The US president was to issue an ultimatum to Mr Saddam to go into exile — something the Iraqi leader has ruled out, vowing to die in his homeland, Mr Powell said, setting the stage for imminent strikes on Baghdad.
Mr Powell said Mr Saddam “has had his chance, he has had many chances over the last 12 years and he has blown every one of those chances,” while White House spokesman Ari Fleischer added: “The diplomatic window is now closed.”
UN Secretary General Kofi Annan ordered weapons inspectors and humanitarian staff to leave Iraq, lamenting the “human catastrophe” of an impending war.
Iraqi officials said they hoped the inspectors would stay, while flatly rejecting calls for their president to seek exile.
A defiant Saddam insisted that Baghdad was ready for war, but hoped to avoid conflict: “We are ready to sacrifice our souls, our children and our families so as not to give up Iraq,” Iraqi television quoted him as saying.
Announcing the withdrawal of the draft resolution, Britain’s UN ambassador Jeremy Greenstock said “the co-sponsors reserve their right to take their own steps to secure the disarmament of Iraq.”
Speaking shortly before the UN Security Council went into closed-door session for what Mr Bush said was its “moment of truth” on Iraq, Greenstock blamed France for the breakdown in diplomacy.
Without mentioning Paris by name, Greenstock and his US counterpart, John Negroponte, referred to “the explicit threat” by “one country in particular” to veto the draft.
Mr Powell labelled the breakdown: “a test that the Security Council did not meet.”

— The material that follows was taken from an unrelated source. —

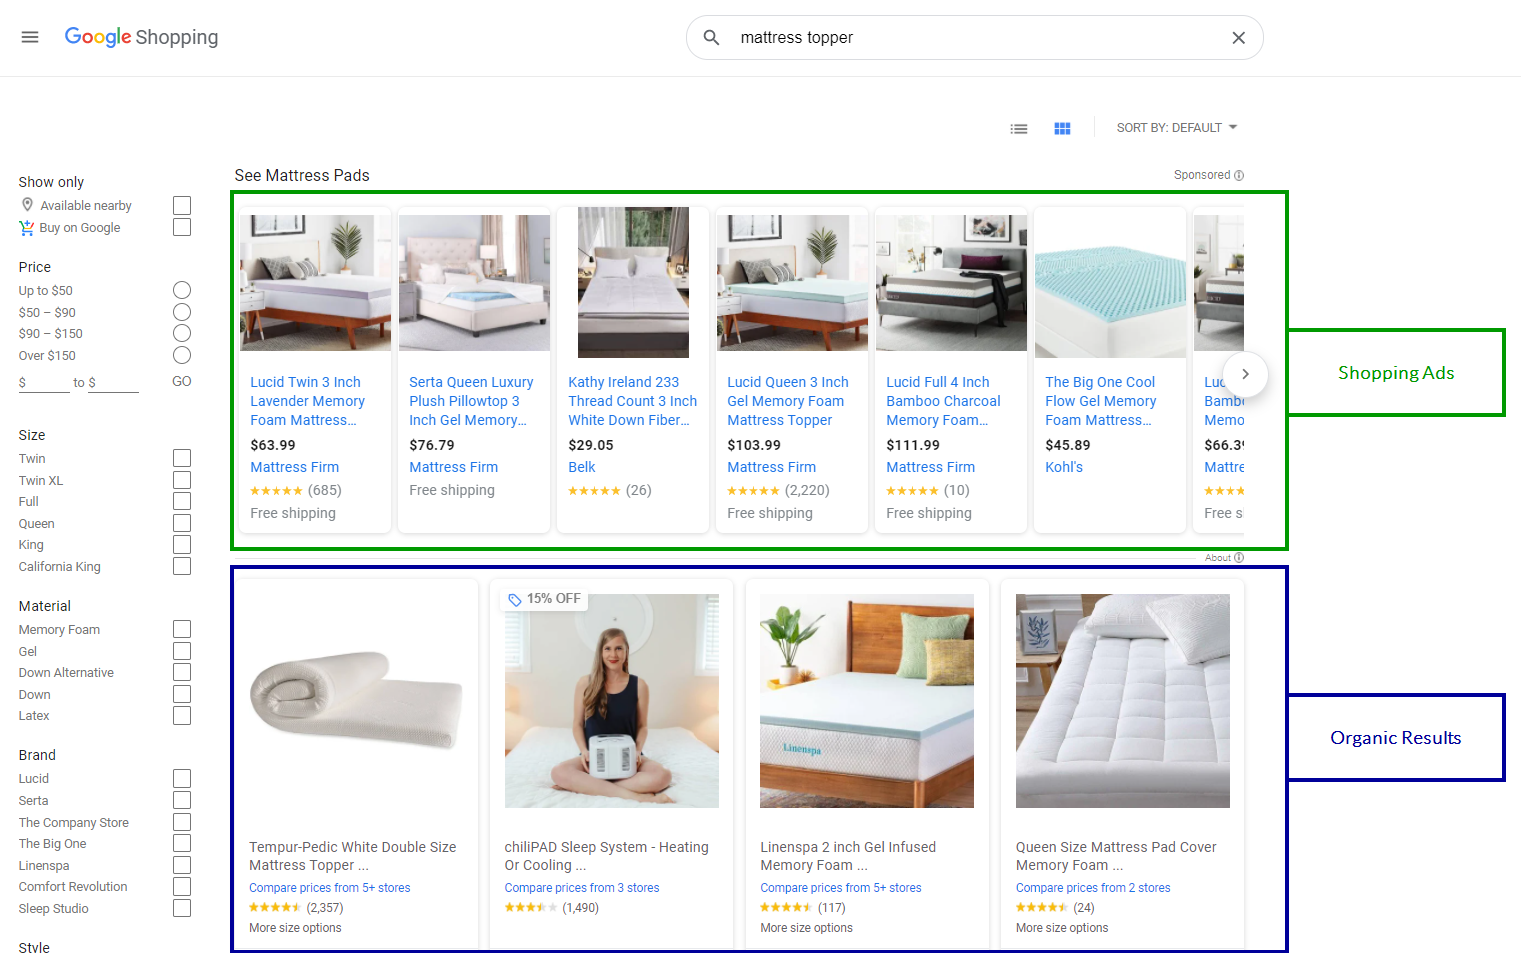 Google Shopping ads appearing on the Google Shopping search engine results

Britain and the United States made a final appeal to France and Russia on Sunday to support their draft resolution demanding Saddam disarm or face war, but met unswerving opposition Monday, with Paris vowing to veto the proposal.
With the resolution not going to a vote, France’s UN ambassador insisted that the draft would not have received the necessary nine Security Council votes regardless of Paris’ promised veto.
Russian Foreign Minister Igor Ivanov insisted an attack on Iraq would be against international law and was not covered by November’s UN resolution 1441, as London and Washington maintain, the Interfax news agency reported.
With over a quarter of a million US and British troops poised to move on Baghdad, the two countries told their nationals to leave Kuwait immediately, with London warning of the threat of chemical and biological attack from neighbouring Iraq.
Saddam again insisted that Iraq no longer possessed any weapons of mass destruction, while admitting to having them in the past, his son Uday’s television channel said, denying US allegations against Baghdad.
A US defence official said the United States had information indicating that Iraq had distributed chemical weapons to some Republican Guard units.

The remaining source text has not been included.